At least the deviations from rigorous research methodologies were admitted:

“... Our findings must be qualified by two important limitations: the question of publication bias [e.g., bias in evidence selection - ed.], and the fact that we implicitly gave equal weight to all studies regardless of study design or sample size.”

Unfortunately, the media, politicians, financial decisionmakers and others are likely not to really comprehend, in-depth, the full significance of that sentence.

I am in the unfortunate situation of again having to stuff ONC's - um, stuff - back into the bull.

First, hat tip to Histalk where I found the link below:

National Coordinator for HIT Farzad Mostashari, MD takes issue with the recently published report that found doctors with online access to patients’ charts ordered more tests. Mostashari disputes the study, which raised questions as to whether or not EHRs cut costs. Mostashari’s contends that the study was based on 2008 data and before the start of the Meaningful Use program and thus does not address certified EHRs’ capabilities for data exchange and clinical data support.

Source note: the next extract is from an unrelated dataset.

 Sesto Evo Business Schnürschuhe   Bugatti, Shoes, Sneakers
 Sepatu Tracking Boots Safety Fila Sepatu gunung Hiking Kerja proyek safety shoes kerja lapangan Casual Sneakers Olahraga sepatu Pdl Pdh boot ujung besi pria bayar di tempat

The fatal passage in the linked ONC piece at http://www.healthit.gov/buzz-blog/meaningful-use/study-facts/ is this:

"Also, the study data were from 2008, before the passage of the HITECH Act and the linking of payment incentives to the meaningful use of EHRs."

This seems a variation of the typical excuse-making in IT - "they were using v. 1.0; it's all fixed in the later version."

The outcomes of (Orwellian-named) "Meaningful Use" (MU) have not been studied, to my knowledge. Futher, the criteria chosen for "Meaningful Use" were primarily best guesses as to what could be beneficial. ("Meaningful Use" should have been more accurately termed "good faith use.")

Claiming that 2008 data on EHR-related test ordering is invalid because "Meaningful Use" was not in effect at the time is, in fact, jumping to an unsupported conclusion that "Meaningful Use" will counter whatever multiple medical/social factors caused the increased ordering in the first place -- because, of course, MU is "Meaningful" and deterministically guaranteed to work out, nationally, as planned, among all outpatient and inpatient settings.

This seems a form of "begging the question":

Begging the Question is a fallacy in which the premises include the claim that the conclusion is true or (directly or indirectly) assume that the conclusion is true. This sort of "reasoning" typically has the following form.

- Premises in which the truth of the conclusion is claimed or the truth of the conclusion is assumed (either directly or indirectly).
- Claim C (the conclusion) is true.

This sort of "reasoning" is fallacious because simply assuming that the conclusion is true (directly or indirectly) in the premises does not constitute evidence for that conclusion. Obviously, simply assuming a claim is true does not serve as evidence for that claim. This is especially clear in particularly blatant cases: "X is true. The evidence for this claim is that X is true."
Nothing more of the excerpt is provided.